Dan Korobkin, a staff attorney for the ACLU of Michigan, who is working on the case, says police can't force pedestrian minors to take a breath test — considered a search — without a warrant. The ACLU has won several similar cases in the past few years at the state and federal level, so legal precedent supports the case. Most recently, the Michigan Court of Appeals declared such searches unconstitutional.

Michigan previously was the only state to make it illegal for a pedestrian minor to refuse a breath test when police didn't have a search warrant.

Korobkin believes much is at stake in the case, including protecting the young man's constitutional rights, especially his Fourth Amendment protection against unreasonable search and seizure.

The ACLU would like the court to award damages and instruct police to remove the child's name and details of the incident from law enforcement records.

Removal of the name from records is reasonable. The police had no legal authority to order the breath tests, according to facts in the lawsuit. And even though the main legal problem appears to be that the police didn't have a warrant, the administrator should have called the parents first. It's hard to believe the parents would have consented to the breath tests or involving the police at all. Based on the facts available so far, the incident did not merit the presence of law enforcement.

Donald Knapp, the head of the Livonia law department, says city officers are professional and well-trained. "I would be surprised if the facts as pleaded by the ACLU are in fact completely true," he said.

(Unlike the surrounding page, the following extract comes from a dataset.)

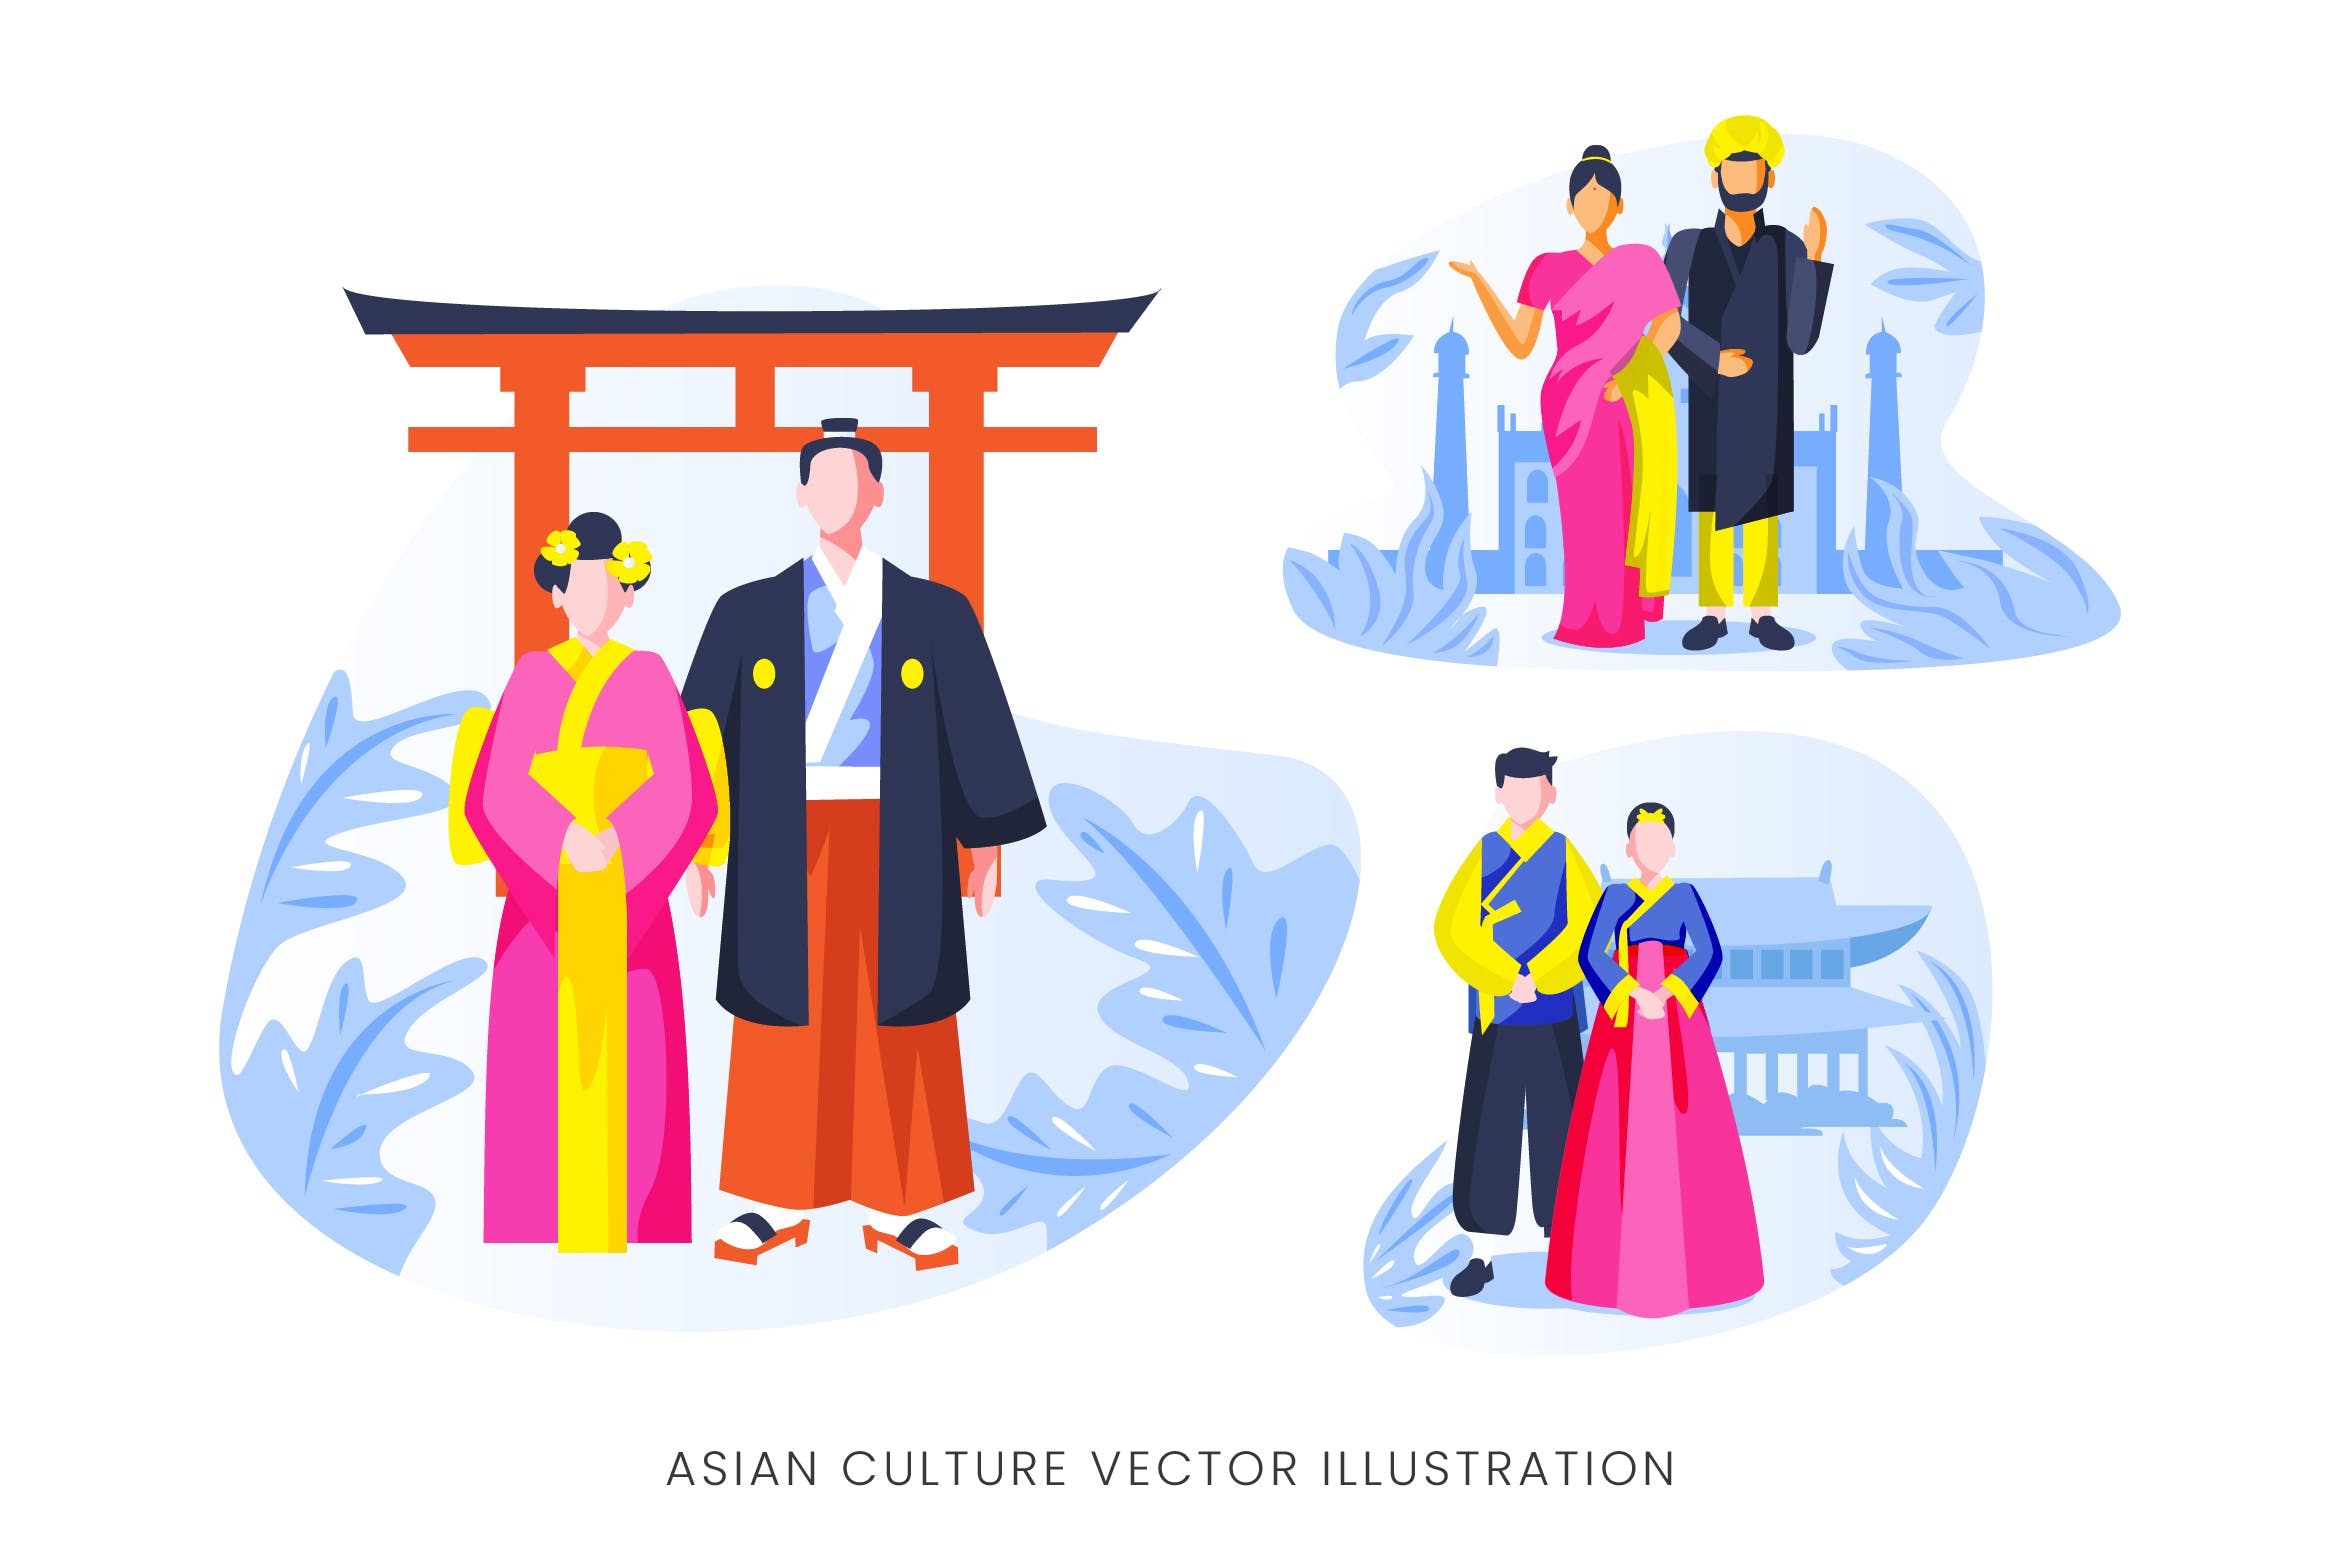 亚洲文化人物形象素材中国精选手绘插画矢量素材 Asian Culture Vector Character Set插图
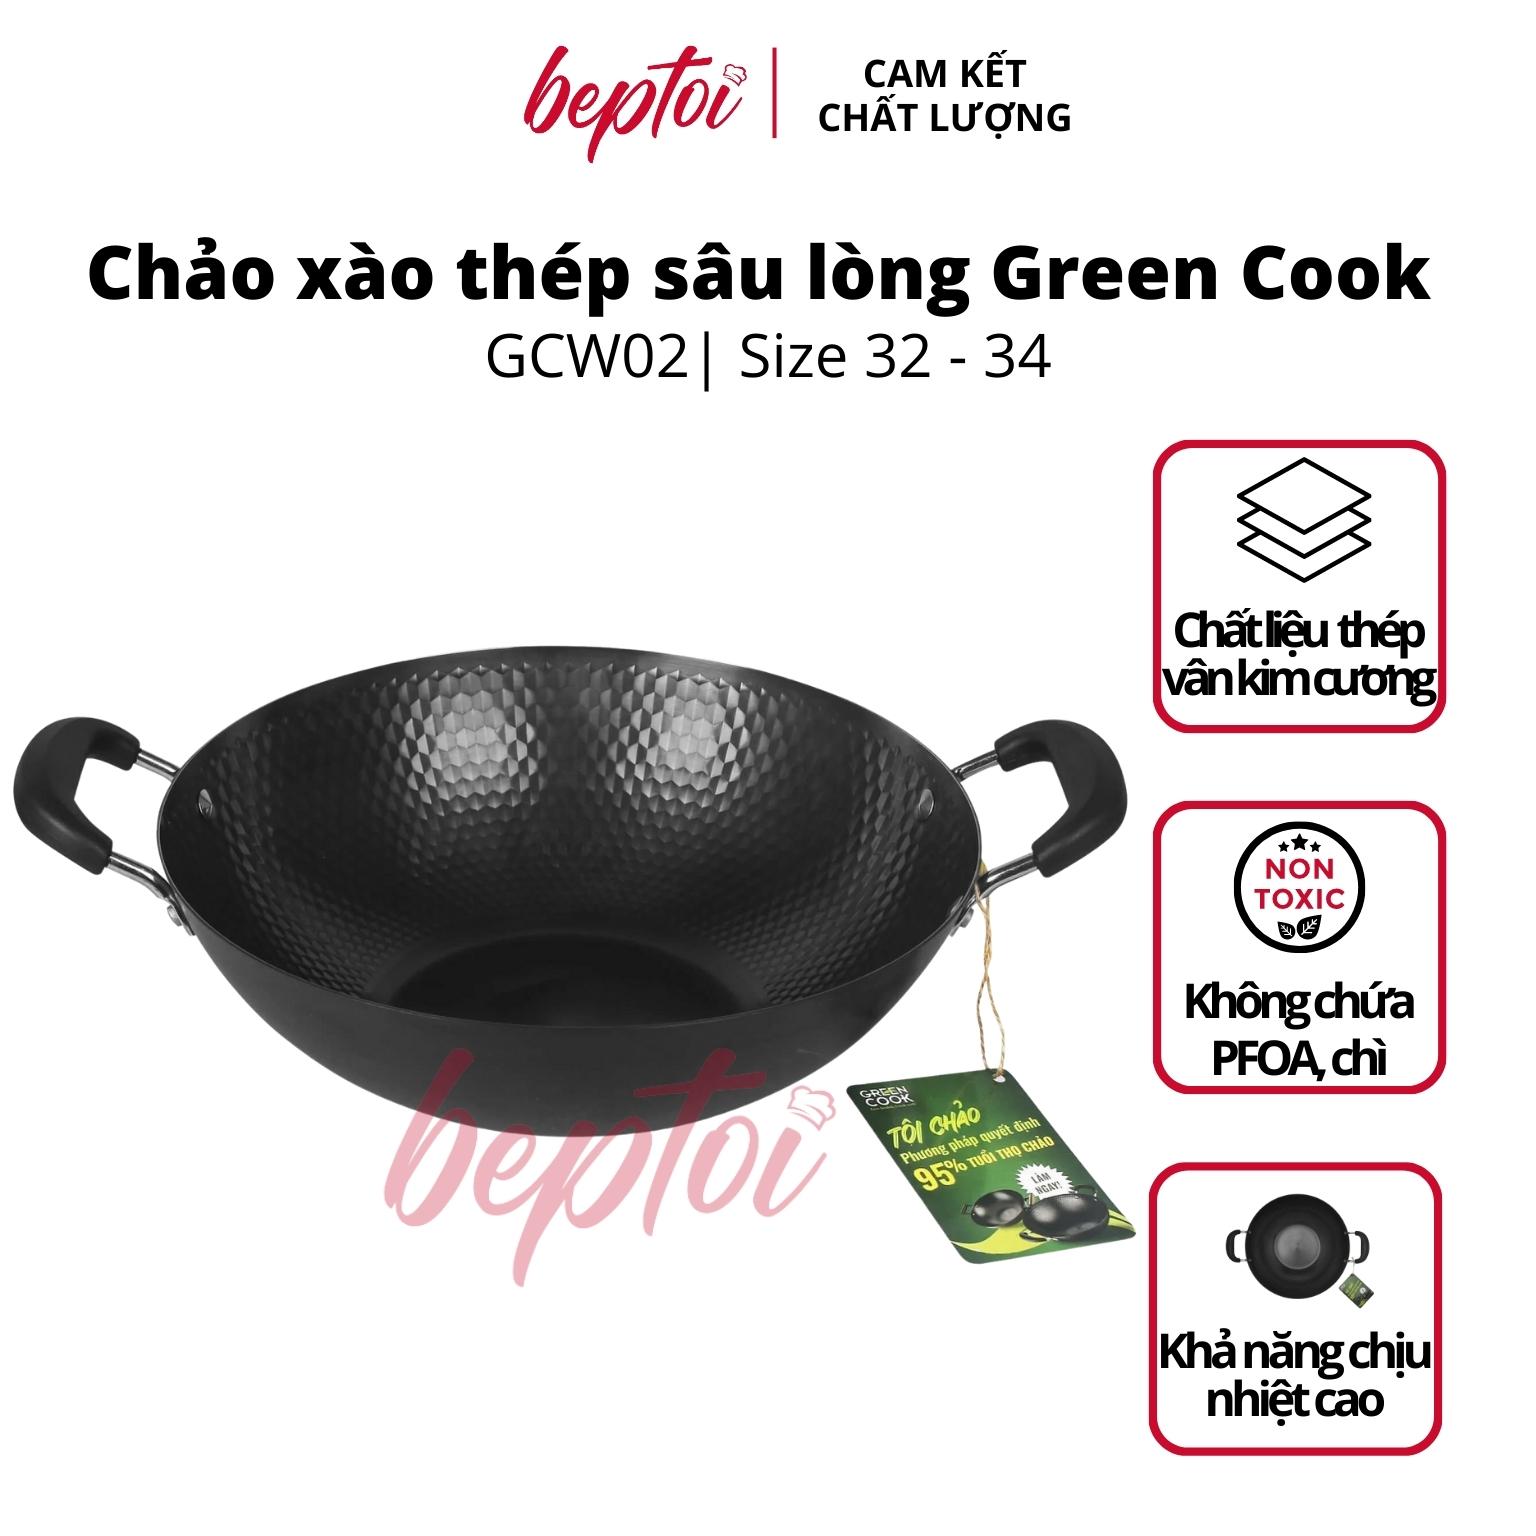 Chảo xào thép sâu lòng vân kim cương Green Cook GCW02 chống dính tự nhiên dùng được trên tất cả các loại bếp

In fairness, that possibility must be borne in mind. School officials should have some leeway in managing students — and minor students in a school situation do not have all the constitutional rights of adults. But students do deserve to be treated fairly. The ACLU would like the suit to raise awareness that young people have constitutional rights in these circumstances.

If the facts presented in the suit hold up, it would seem that a little common sense on the assistant principal's part could have prevented the lawsuit altogether — and not marred an otherwise happy occasion.